Chemical-thermal treatment in the proposed melt allows to increase the compressive strength of polycrystalline non-metallic materials from 310-315 kg / mm ² to 350-410 ^g kg / mm, which increases the cutting speed, the reliability of tools equipped with heat-treated polycrystals, allows you to apply them for processing intermittent surfaces.

Claims (2)

(54 | MILK COMPOSITION FOR CHEMICAL-THERMAL TREATMENT. NONMETALLIC MATERIALS The following are examples of a practical implementation of the chemical heat treatment method. Example: A crucible containing 25 wt.% Chrome and 75 weight,% aluminum is placed in an electric furnace. and in the resulting melt, the polycrystalline blocks of cubic boron nitride are loaded. The holding time of the blocks in the melt is 10 minutes. The compressive strength of the blocks after heat treatment in the xpcwa melt and alu nny is 350 kg / mm against 210 kx Chem processing only in aluminum melt PRI m e R 2. Cubic boron blocks are immersed in the melt, containing 35 wt.% chromium and 65 wt.% aluminum.The processing time is 15 minutes Treatment temperature is 1200 ° e. 375 kg / mi. Against 300-320 kg / mm with heat treatment only in an aluminum melt.
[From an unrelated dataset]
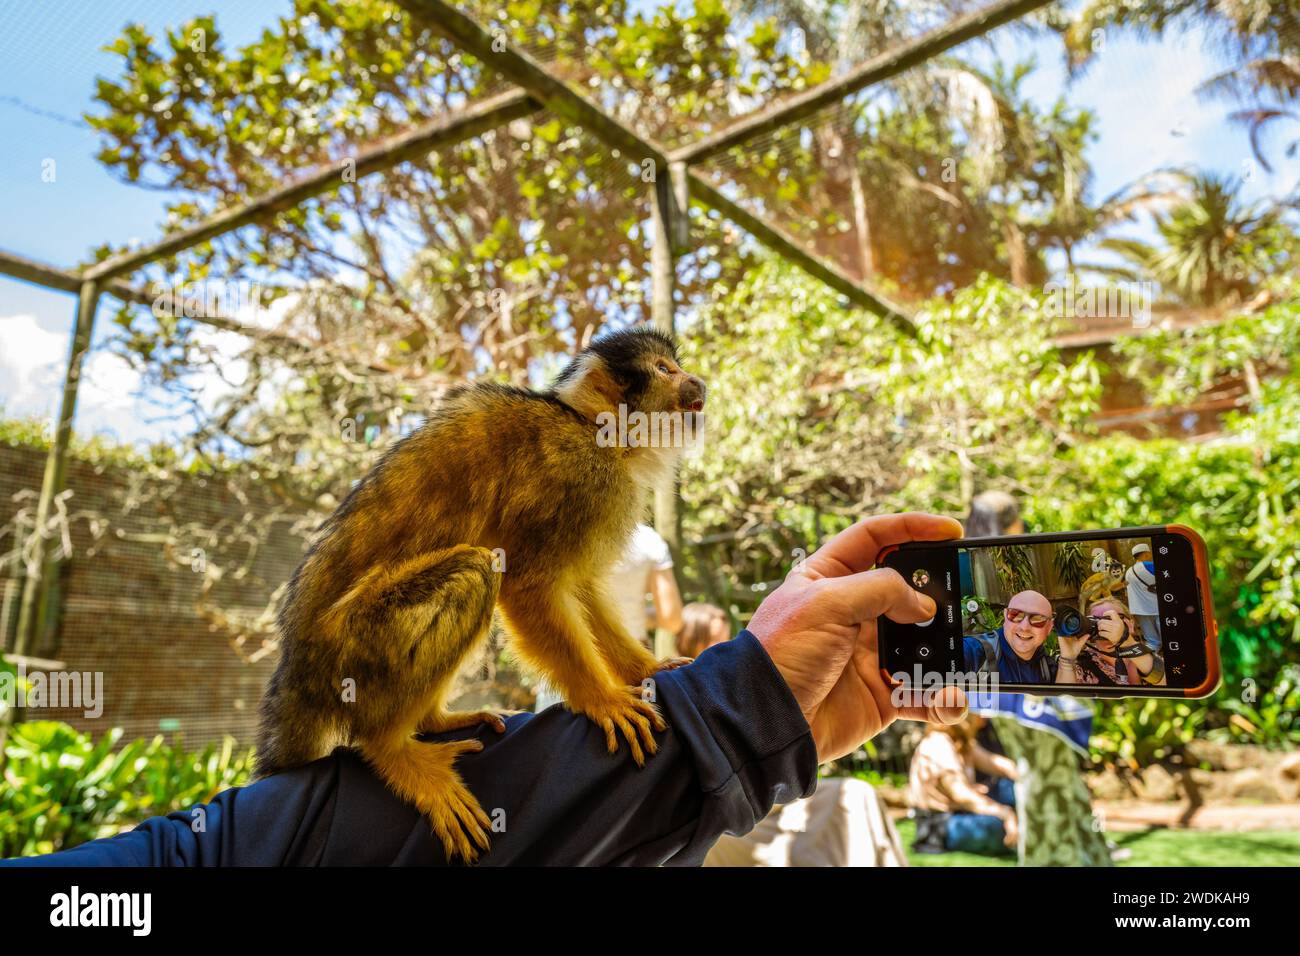 Squirrel Monkey sitting on an arm with tourists taking a selfie on the smartphone. Stock Photo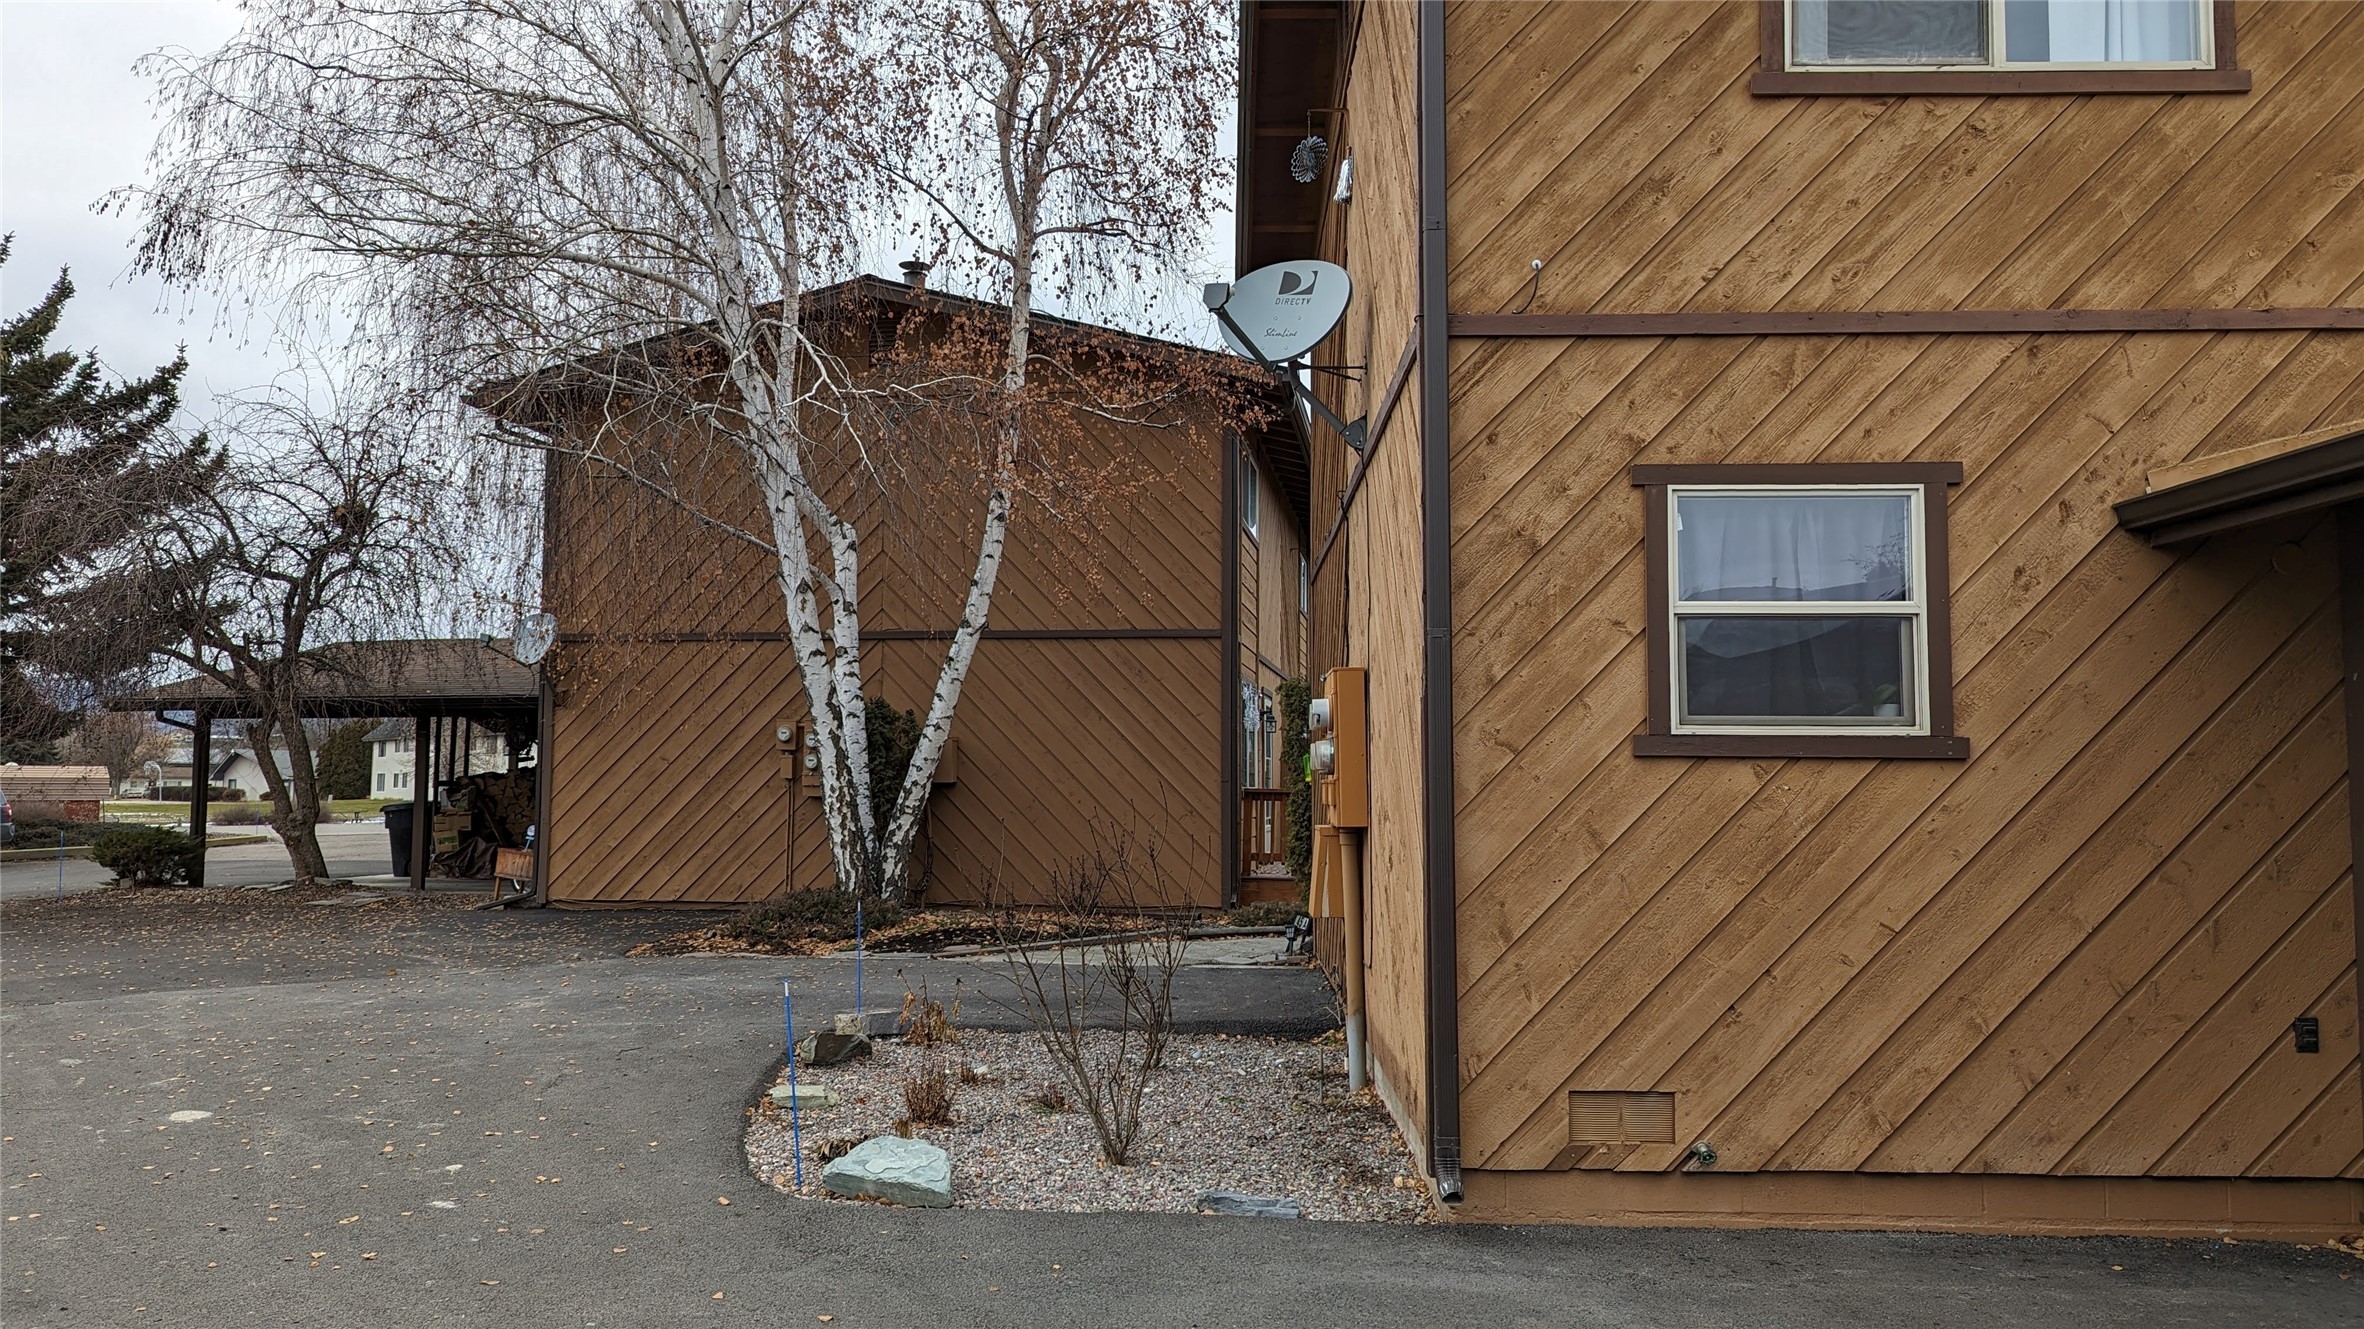 Investment Opportunity in west Kalispell, Montana. This 2 bedroom 1.5 bathroom townhouse with 960 square feet on two levels is currently occupied by a long term tenant. This desirable low maintenance living opportunity is centrally located near shopping, fair grounds, downtown, hospital, and all that our coveted mountain town has to offer. Add this one to your portfolio, with a tenant in place through next year, the timing may align with your plans. Escape to Montana and invest in the future of a caring and growing community. Listed by Eric Perlstein/Brandon Trust

P pfjUtH-e p 3. Polycrystalline blocks are processed in $ & . Processing time 5 min; Botk 1200®С. The irregularity of the blocks for compression is 400 kg / mm compared to 250 kg / mm with heat treatment only in aluminum. PRI MER 4. Polycrystal block cubic boron nitride is heat-treated at 1500 tons: for 15 cues in the melt with a content of 6 O wt.% Chromium and 4 O wt.% Aluminum. The compressive strength of the blocks after heat treatment is 410 kg / mm compared with 315 kg / mm with heat treatment in the molten aluminum alone. Chemical-thermal treatment in the proposed melt makes it possible to increase the compressive strength of polycrystalline materials nemetrically from the material. catches from 310–315 kg / mm to 350–410 kg / mm, which increases the cutting speed and reliability of tools equipped with heat-treated polycrystals, which makes it possible to use them for machining irregular surfaces. The invention The composition of the melt for chemical-heat treatment of non-metallic materials, C1-containing aluminum, is ablary, so that, in order to increase the strength of the products, the melt additionally contains chromium in the following ratio of components, weight. % :; ALUMINUM 40-75 Chrome. 25-60 Sources of information taken into account during the examination 1. A.Minkevich. Chemical treatment of metals and alloys. M., 1965, p. 158-162. 2. USSR author's certificate according to the application No. 2744229 / 22-02, cl. C 23 C 9/10, 02.04.79.